I’ve been part of two presentations to students here and both of these I partnered with Jen Vincent and Gary Scudder. Yesterday we met with a second year class and talked broadly about differences between Russian and the US politically and socially. We asked them about their impressions of US culture and fielded their questions. This was much the case with another presentation today, only at a slightly more elevated level with the third year students. We talked a bit about health care policy – comparing the US and Russian systems, and I spoke a bit about the political dimensions of this recent legislation in the states. Jen was there to handle economic dimensions of these kinds of issues. In both cases, it was a good experience mostly because the students really were forthcoming with their own questions and reactions. I am quite impressed.

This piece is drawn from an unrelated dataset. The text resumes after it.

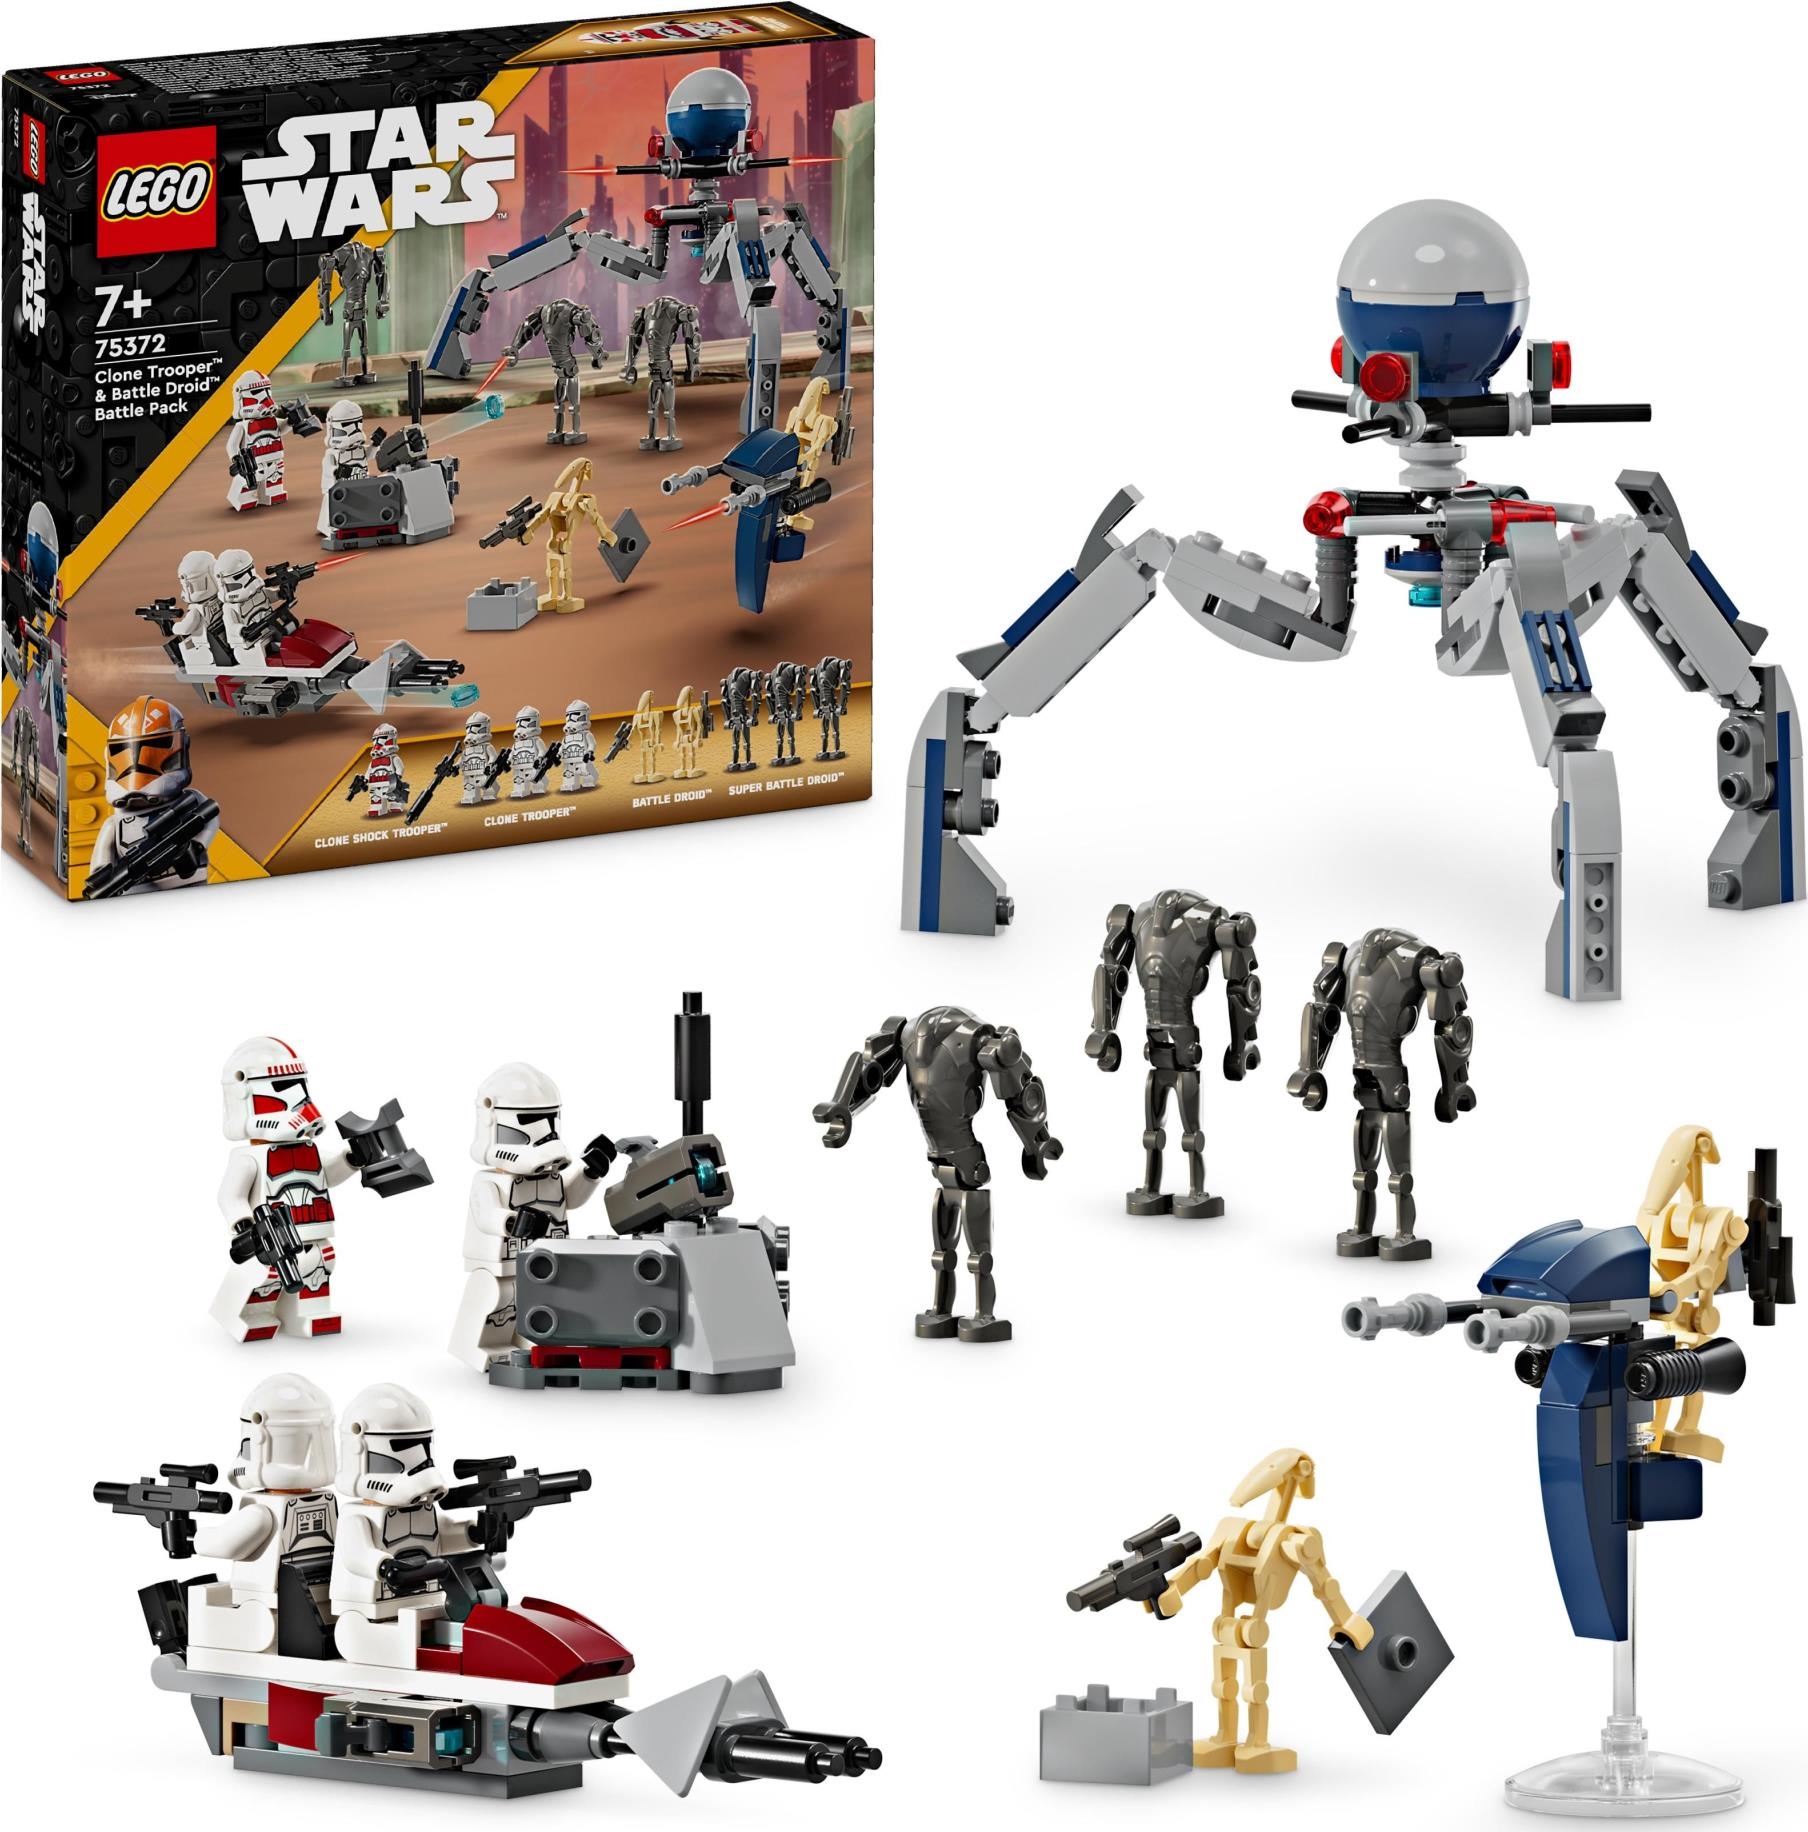 Star Wars: Lego 75372 - Battle Pack Clone Trooper E Battle Droid

The Russian tuition system might be an encouragement here. I gather the size of a students scholarship/funding for education is largely determined by performance. Excellent grades are rewarded by substantial or complete scholarship funding; poor grades are met (if not with expulsion) with reduced support.

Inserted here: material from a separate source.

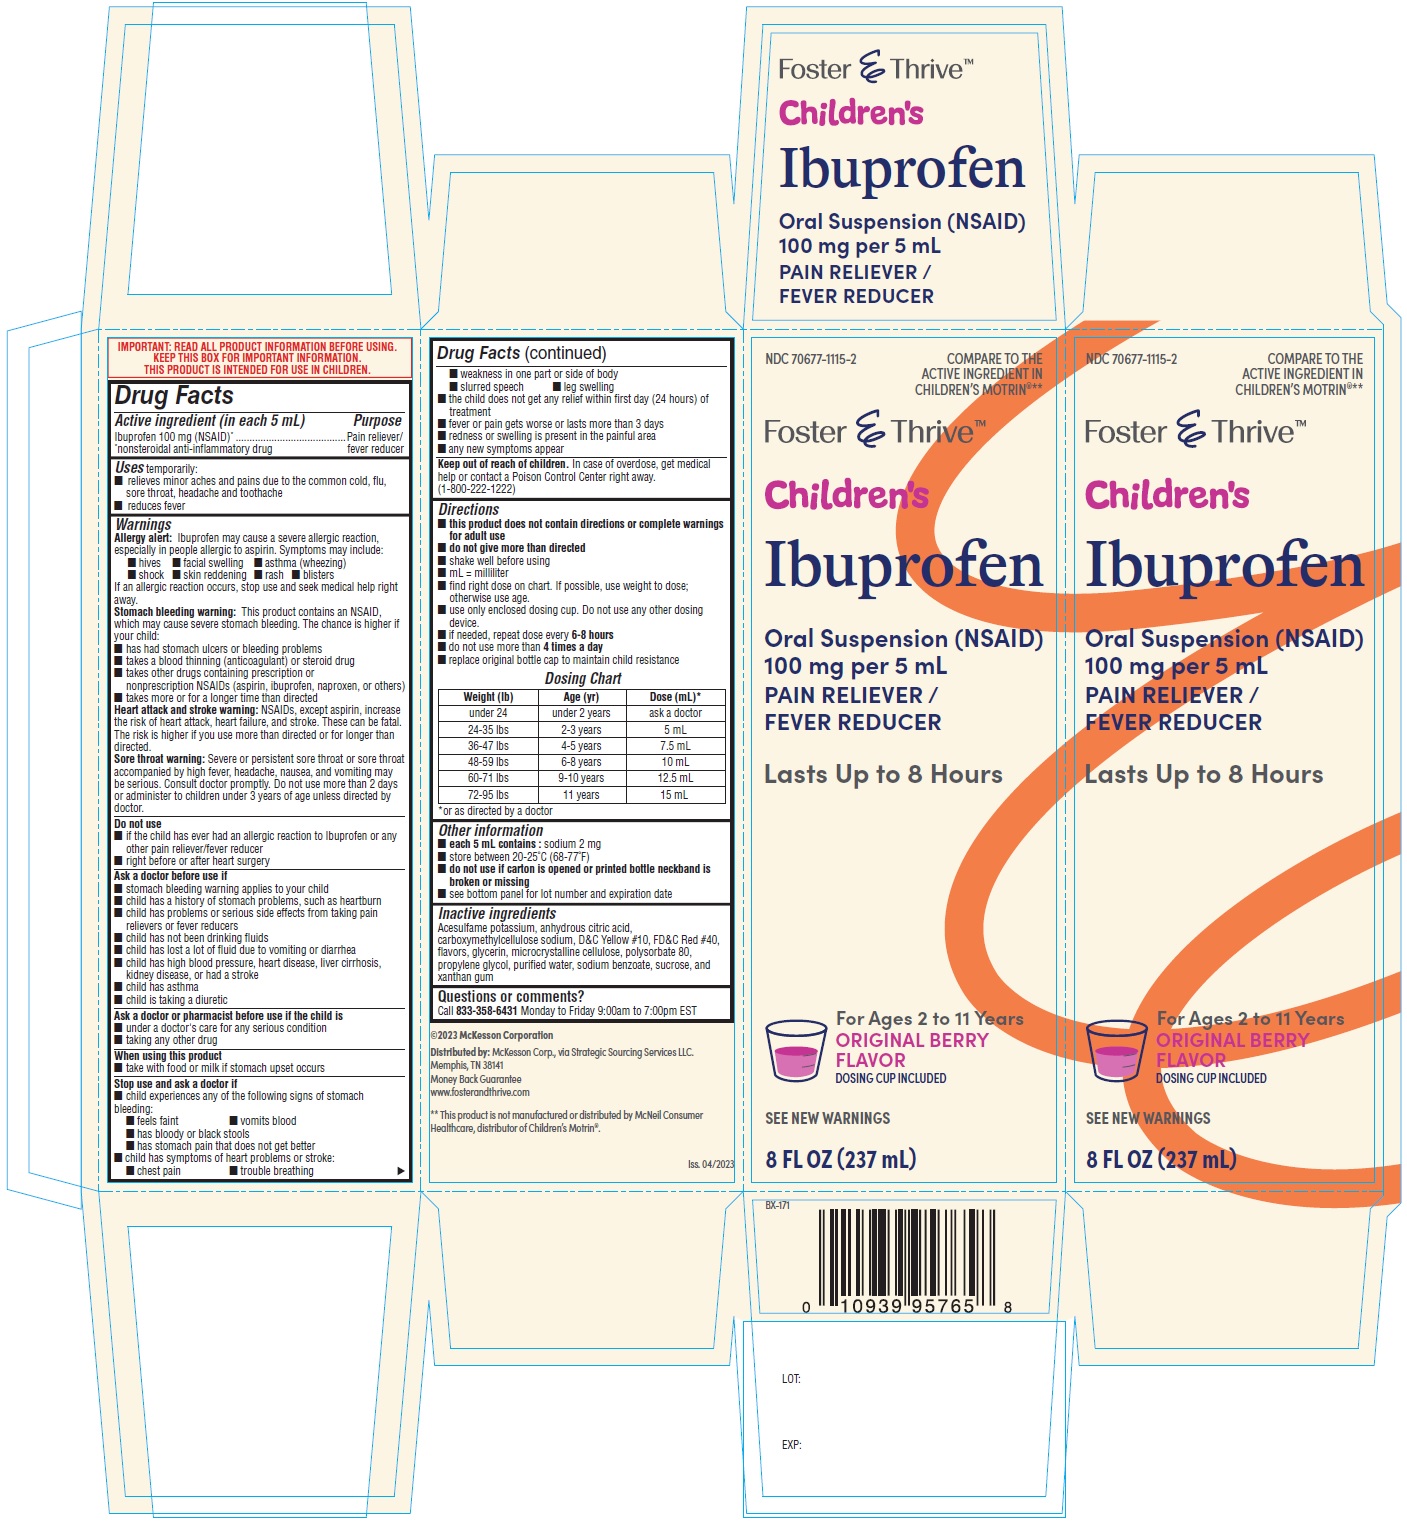 Ibuprofen oral suspension berry original flavor container carton

It’s this sort of connection with the school that makes this kind of travelling great; you get to interact with people you would never run across were I simply staying downtown and visiting Red Square or the Pushkin before touring along to St. Petersburg. We commute in and out from the college to the hotel with other Muscovites, and generally get something of an inside view of what goes on here.
My impression is that it is not all that easy to be a Russian these days – and that brings me to the topic of the Moscow grind. This is not an easy place to function – and for a tourist particularly so. Perhaps I will get into that more tomorrow.
Photo: Nope, not the school I am talking about. This is the entrance to one of the buildings off of Red Square. I haven't been taking pictures these past two days - so I'll make a point to carry my camera tomorrow.